- [TASK DIRECTIONS]
From the listing below, give again exactly the lines from the line with "Winter Weather - Truck" to the line with "Venezuela South America World", ends included, without any pictures.
*** INFORMATION SHOWN ***
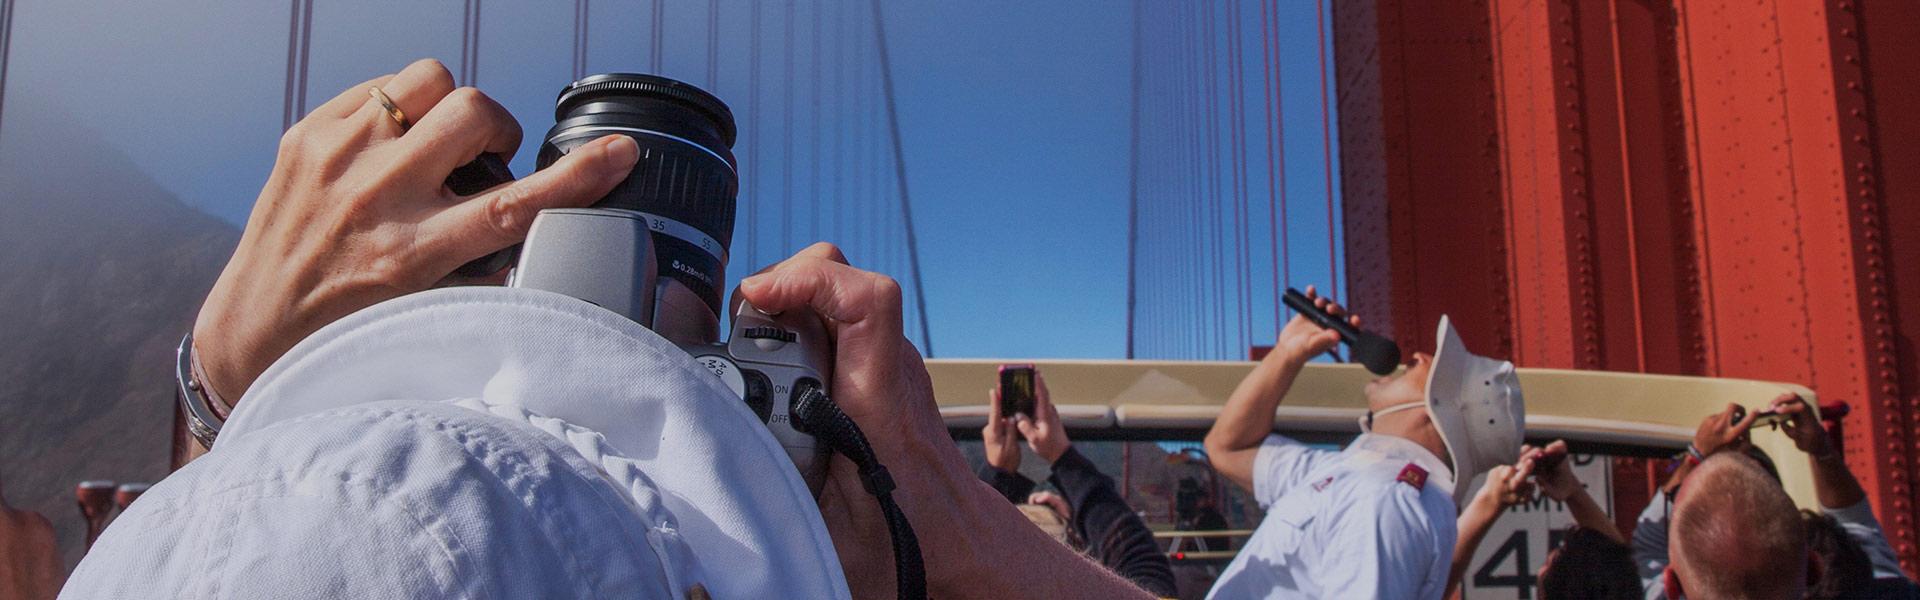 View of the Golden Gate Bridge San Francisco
*** End of INFORMATION SHOWN ***
*** INFORMATION SHOWN ***
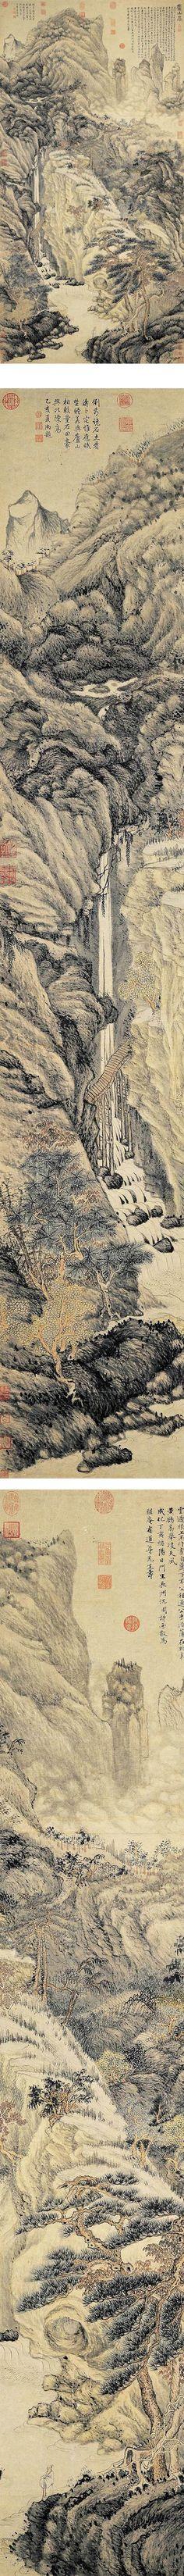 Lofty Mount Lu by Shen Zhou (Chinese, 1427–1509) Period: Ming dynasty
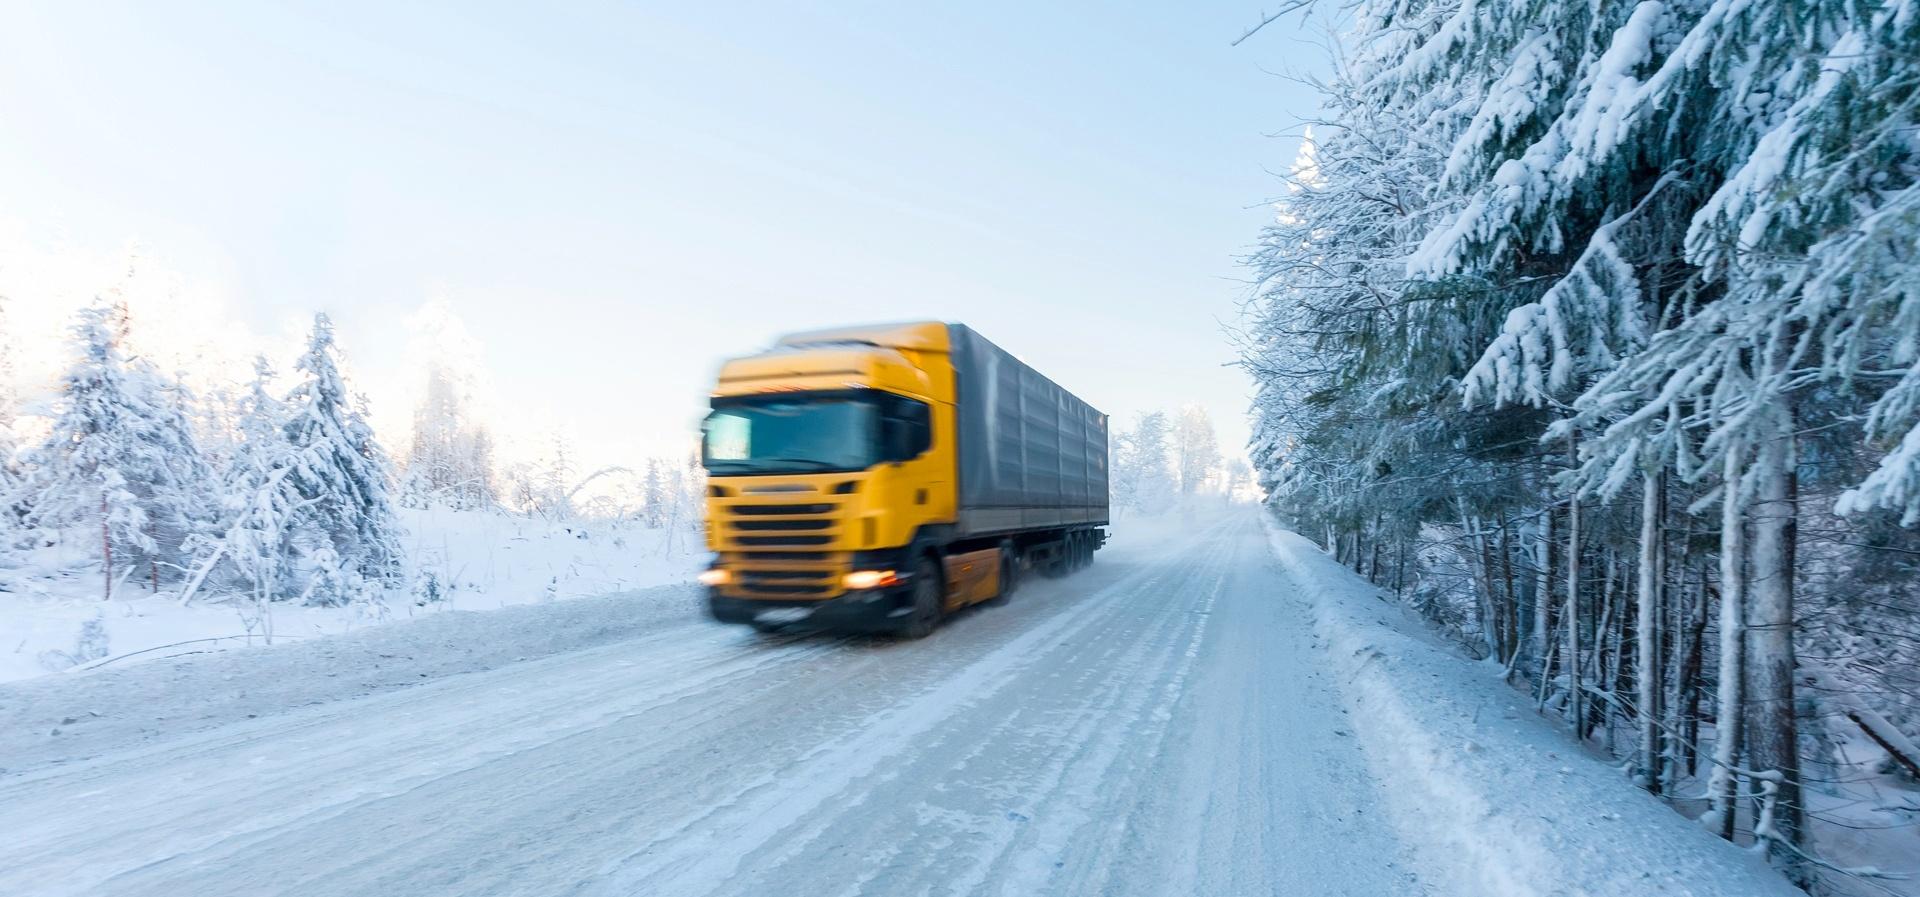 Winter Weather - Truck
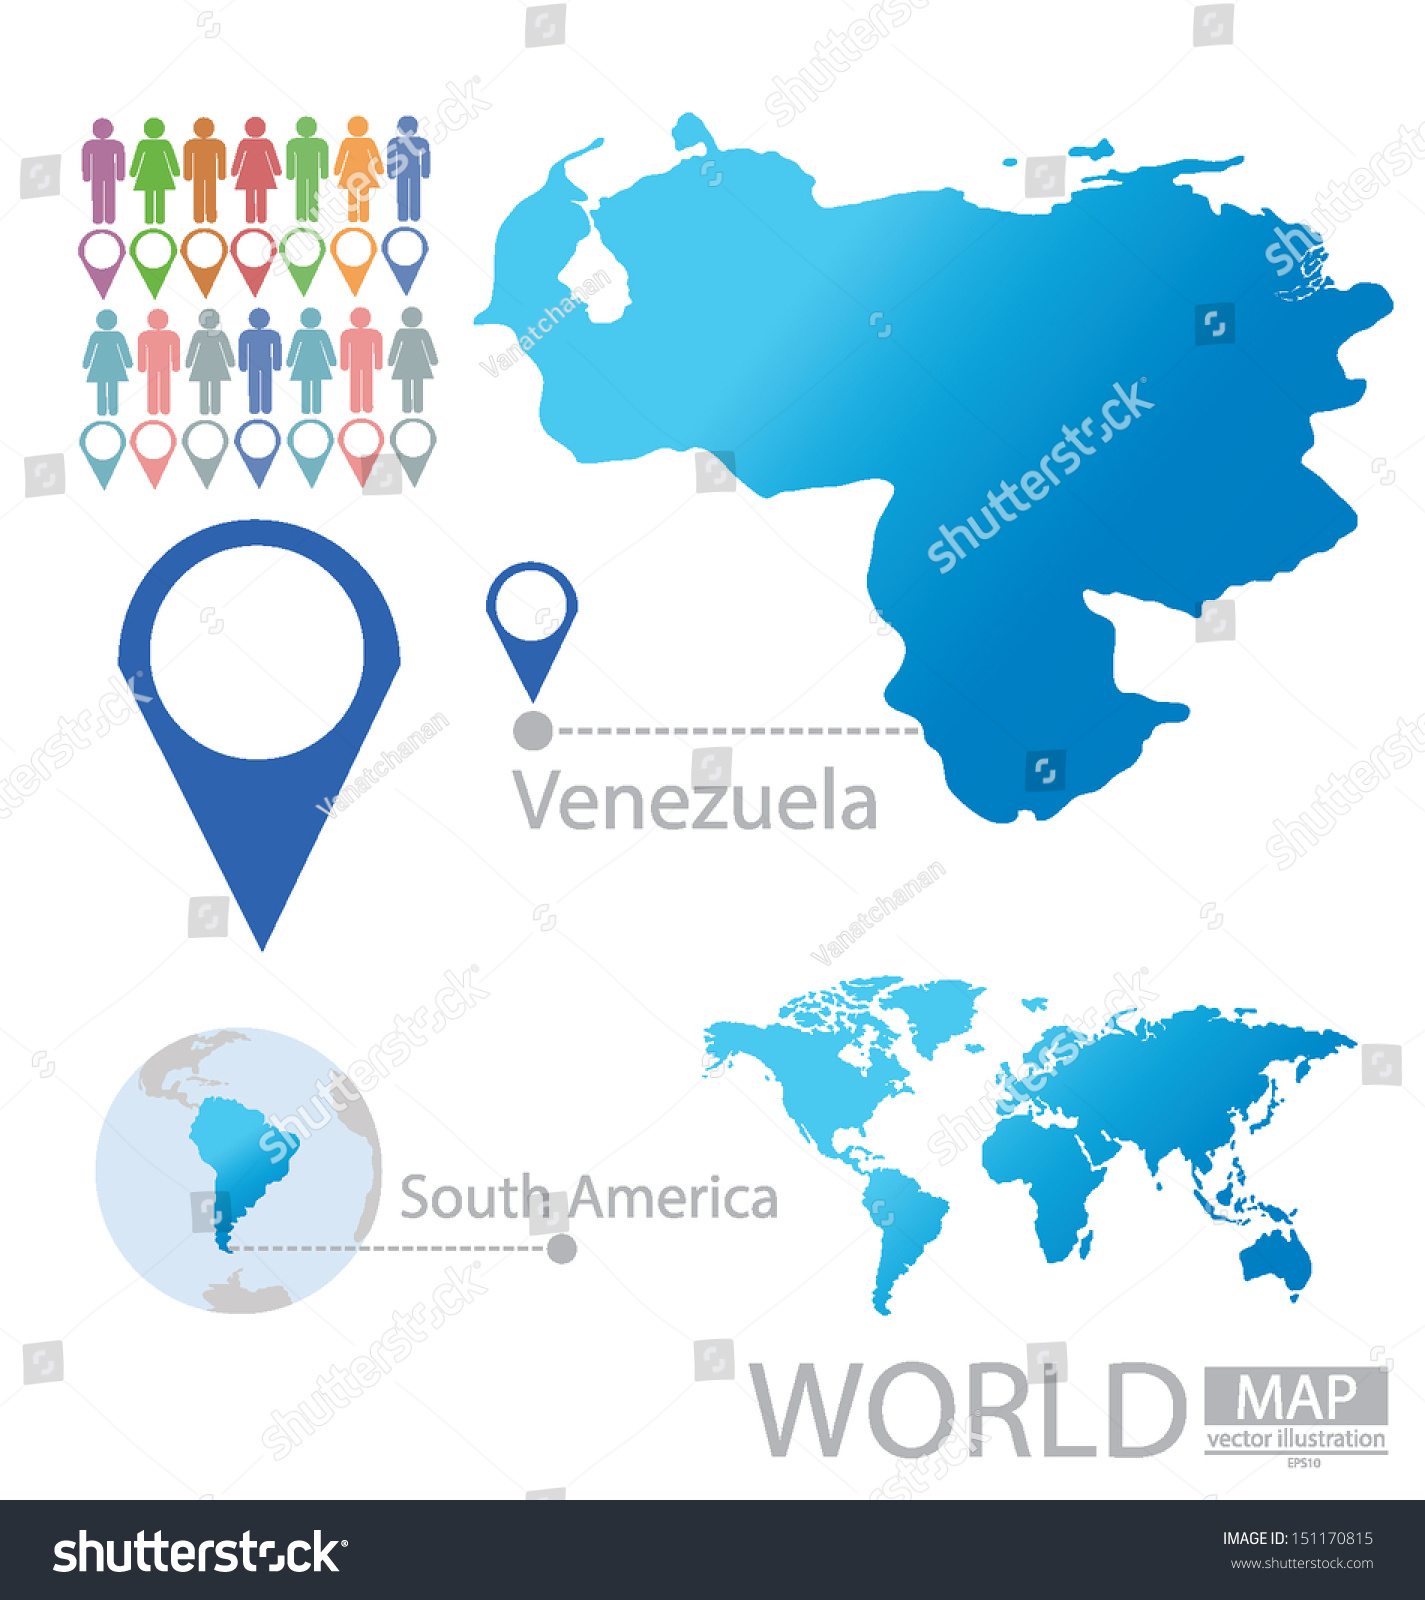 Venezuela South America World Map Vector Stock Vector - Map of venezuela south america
*** End of INFORMATION SHOWN ***
*** INFORMATION SHOWN ***
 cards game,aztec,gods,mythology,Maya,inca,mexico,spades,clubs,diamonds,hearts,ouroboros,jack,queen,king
*** End of INFORMATION SHOWN ***
- [RESPONSE AREA]
 Winter Weather - Truck
 Venezuela South America World Map Vector Stock Vector - Map of venezuela south america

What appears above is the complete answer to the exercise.